Perhaps I missed it. Maybe it was hidden in Mr Big’s Private Room of Pain; maybe I overlooked it when Maggie Muff was giving us a flash of the gash. I sound like a prude, I know that, and there were many in the audience who clearly found the storyline and language hilarious.

Fans of Harker’s writing will not be disappointed by her adaptation, although I know many felt slightly hoodwinked by the promotional material displaying a topless Mr Big alongside Maggie Muff. This was a one woman show with no Mr Big to satisfy the women. You see? My mind has been sullied already.

So, plus points, because there were a couple: Adele Silva, probably best known for her role in Emmerdale, did a brilliant job of bringing the many different characters to life. As Maggie, she narrated her own story whilst giving us vivid impressions of the other players in her life – her mum, Big Sally-Ann, Mr Big, Mr Big’s parents . . . Remembering the lines, recreating the accents, delivering both sides of a conversation – Silva is a fine actress; I just felt the writing let her down. Comedy lines about ‘getting my c*** kicked in’, ‘getting my backdoor smashed in’ and ‘getting moist dreaming about Mr Big’s todger’ did not sit well with me.

Jokes about date rape drugs and shagging fourteen year olds till their mums appeared .. . . Well, I’d suggest to Lynch that this may well be one of the reasons why people might describe the play as demeaning.

But I was meant to be focussing on the positives.
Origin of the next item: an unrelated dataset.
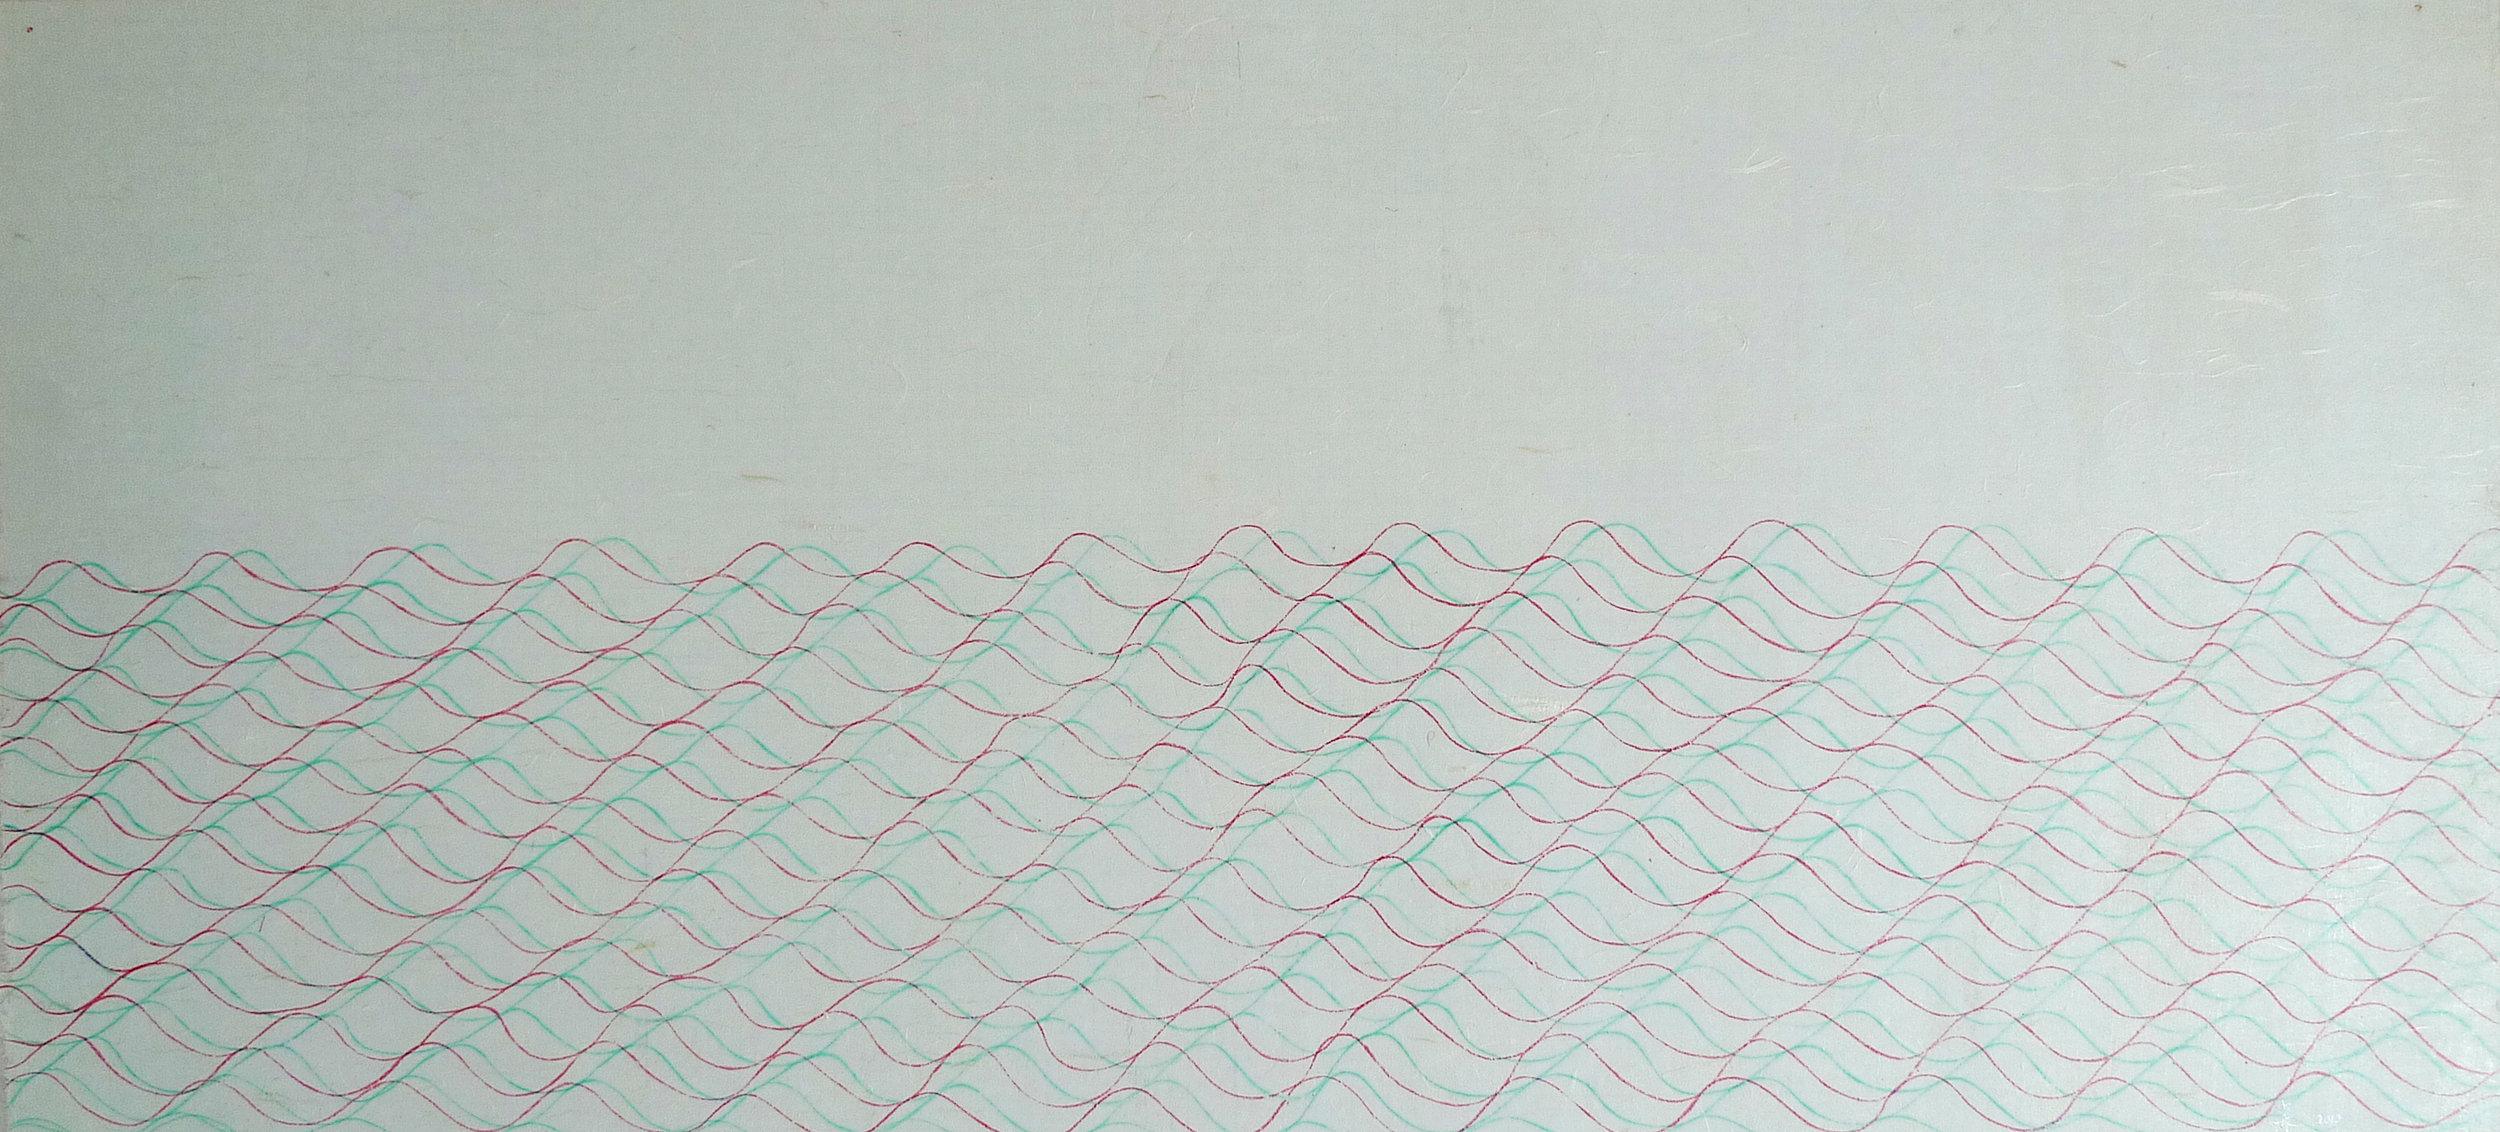 Zhou Jianjun 周建军, Untitled 无题, 2013, Ink on paper 纸本水墨设色, 45 x 97 cm

I liked the bed. Maggie sits on, lies on, cavorts on, struts around a gigantic plush bed as she talks, sometimes rotating it to face different directions to give us an impression of different settings. I would like a bed like that. As for other positives, I’m afraid I found none.

Like 50 Shades of Grey, Harker’s 50 Shades of Red White and Blue and its stage adaptation 51 Shades of Maggie seem to be proving hugely popular. I don’t think I’ll ever understand why. For fans of the novels, go and see this without delay. But if it’s subtlety or sensitivity or eroticism you’re after, I’d recommend an evening of Columbo and White Lightning. Just not with Big Sally-Ann.

51 Shades of Maggie runs at Malvern Theatres to 05-10-13 before moving on to Grimsby, Birmingham, Bromley, Woking and Richmond.